Keywords: biosignal conditioning, ECG, passive and active filters

Introduction

Sensors have been playing key roles in all aspects of health care, especially Cardiovascular disease (CVD) -the disease that is the No.1 killer in the United States and the single leading disease that ended 17.3 million people’s lives worldwide in 2013.1 Unlike many other diseases, some CVDs can cause sudden death, especially in people who physically appear heathy and fit. Early diagnosis and warning, therefore, are extremely important to uncover hidden or silent heart diseases and prevent sudden death. In addition, the cost for detecting and treating cardiovascular disease is very high, thus early diagnosis and prevention post a significant financial benefits as well. Sensing and monitoring technologies for heart deceases have attracted great attention from health care, engineering, industry and information processing societies.

The sensor technology and development for CVD studies and diagnosis mainly focus on

  1. Detect heart pulse waveforms (e.g., ECG, TCPD);
  2. Measure blood properties (e.g., pressure, viscosity, contents and their percentage);
  3. Create heart or vessel images (e.g., CT, MRI, Ultrasonic); and
  4. Establish wireless sensor network.

The electrocardiogram (EKG or ECG) is a graph that records the electrical activity of the heart. Its amplitude has a range of 0.1 mV-10 mV; while its frequency falls into 0.01 Hz-250 Hz. ECG is an important tool used for support of diagnosis and treatment of various cardiac and other related diseases:
Be the first indicator of ischemia and help in proper use of thrombolysis in treating ischemia.

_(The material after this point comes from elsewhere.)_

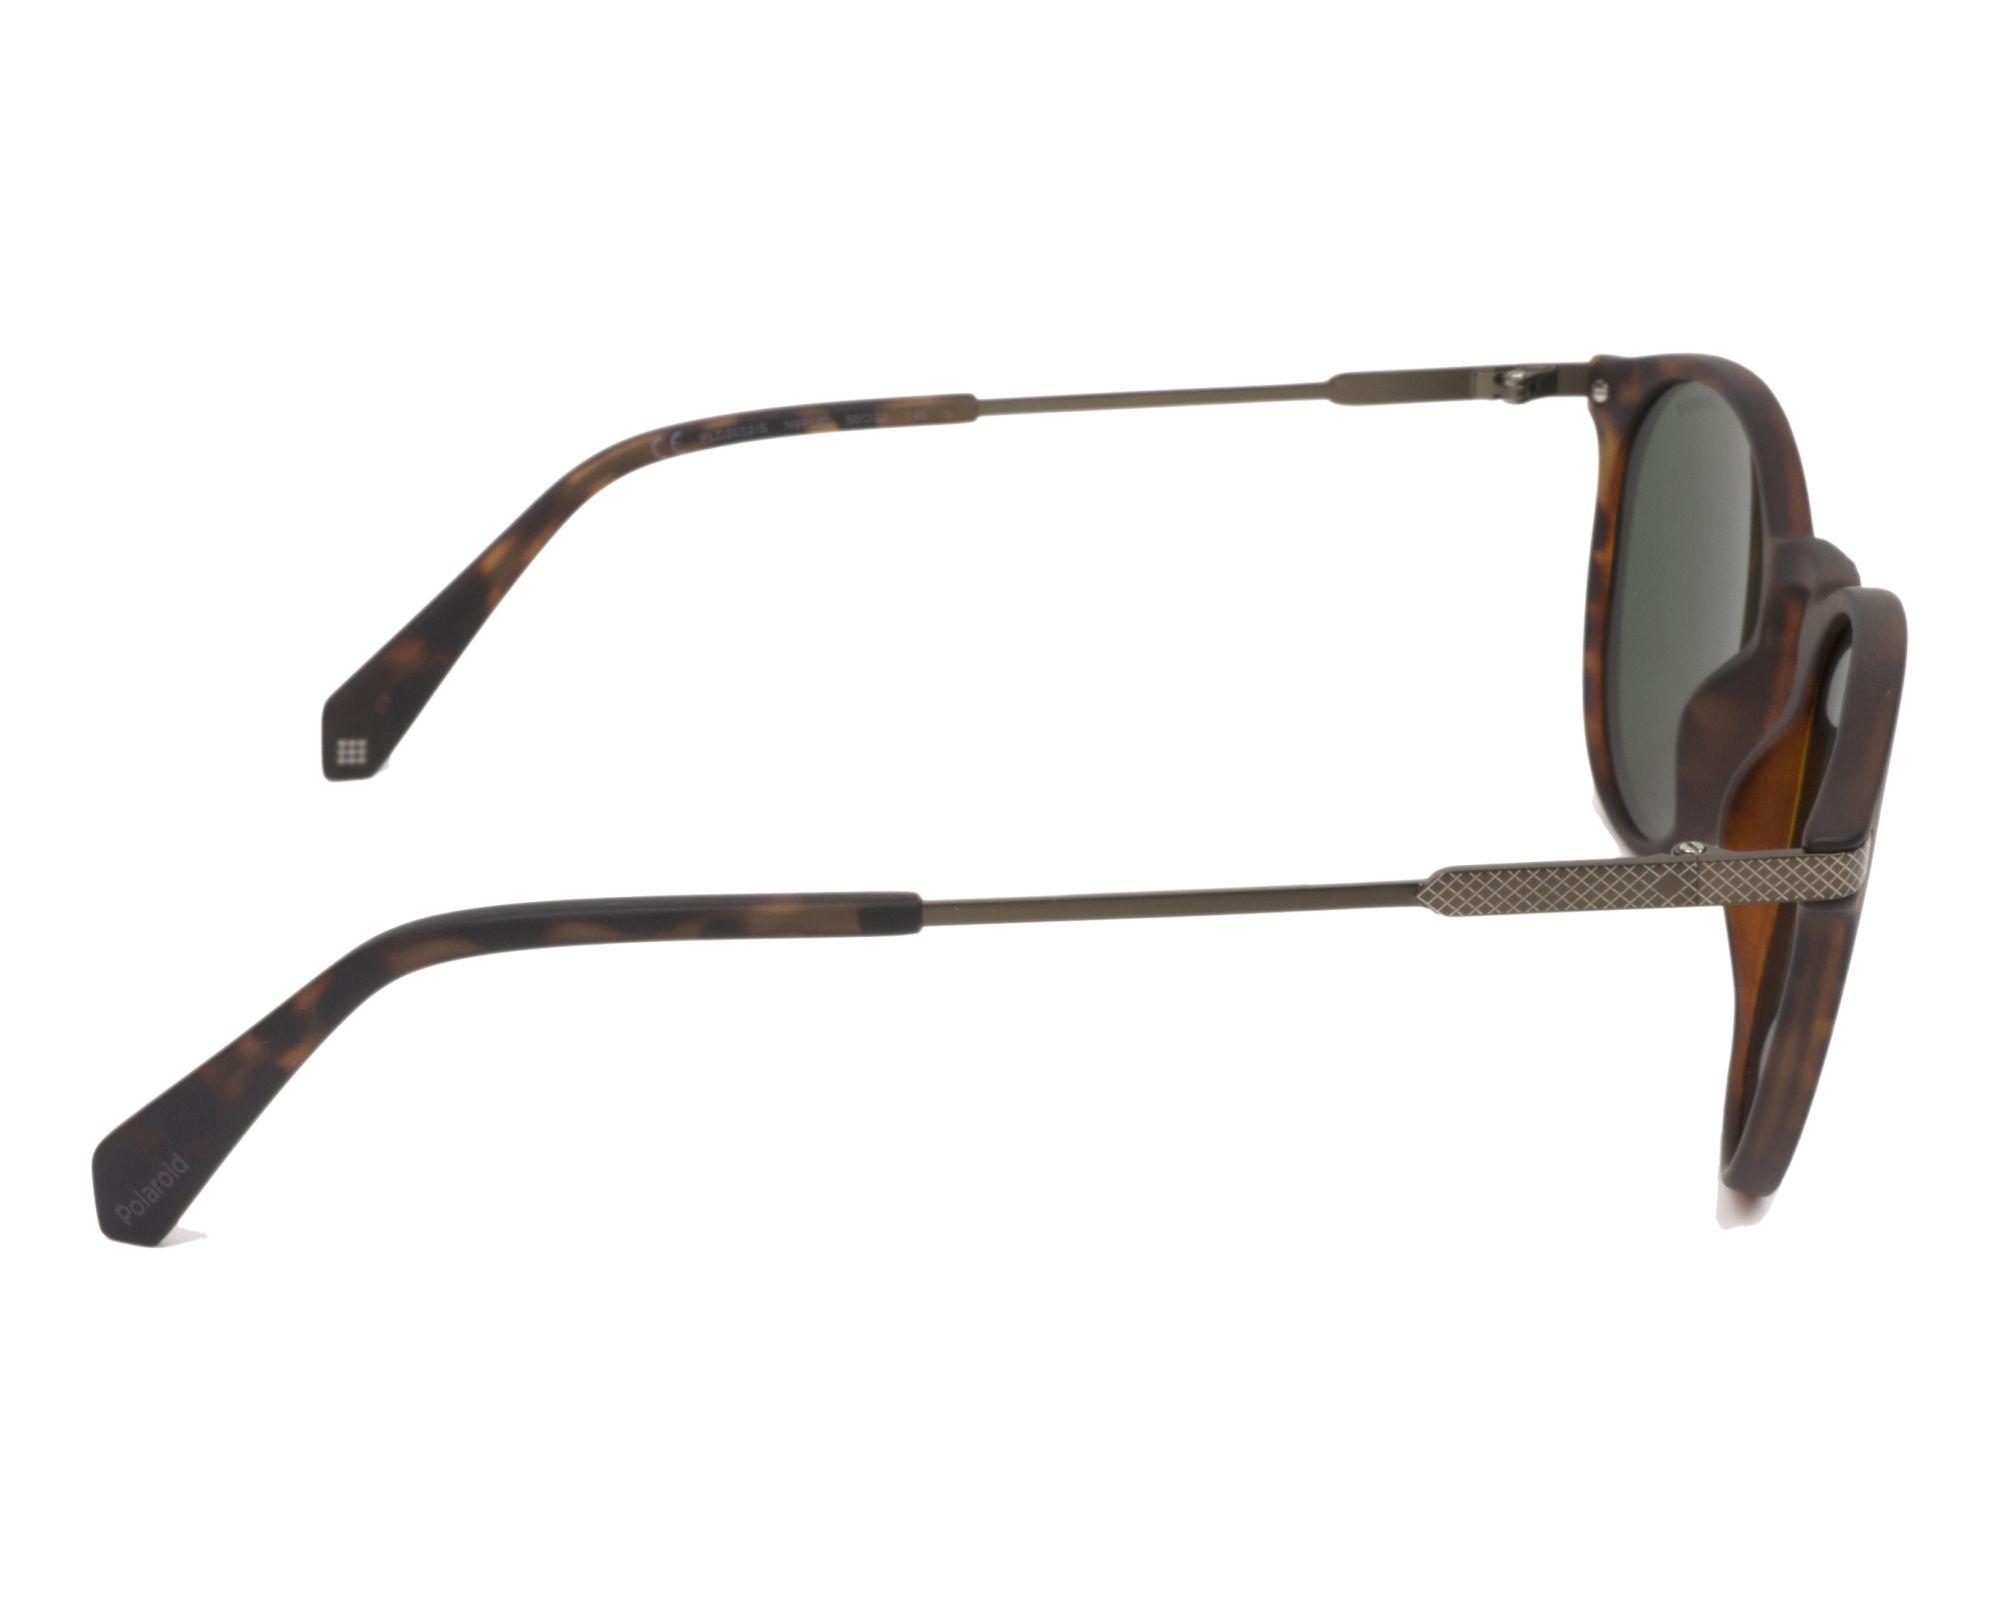 d40b10f266e Sunglasses Polaroid PLD-2062-S N9P UC 50-22 Havana Brass side

  1. Help in diagnosis of the cause of the chest pain.
  2. Help in diagnosis of the cause of the dyspnea.
  3. Help in diagnosis of electrolyte disturbances.
  4. Help in diagnosis of adverse drug effects.
  5. Help in diagnosis of structural changes of the heart.
  6. Identify a potentially life-threatening arrhythmia.
  7. Pinpoint the chronic effects of sustained hypertension or the acute effects of a massive pulmonary embolus. 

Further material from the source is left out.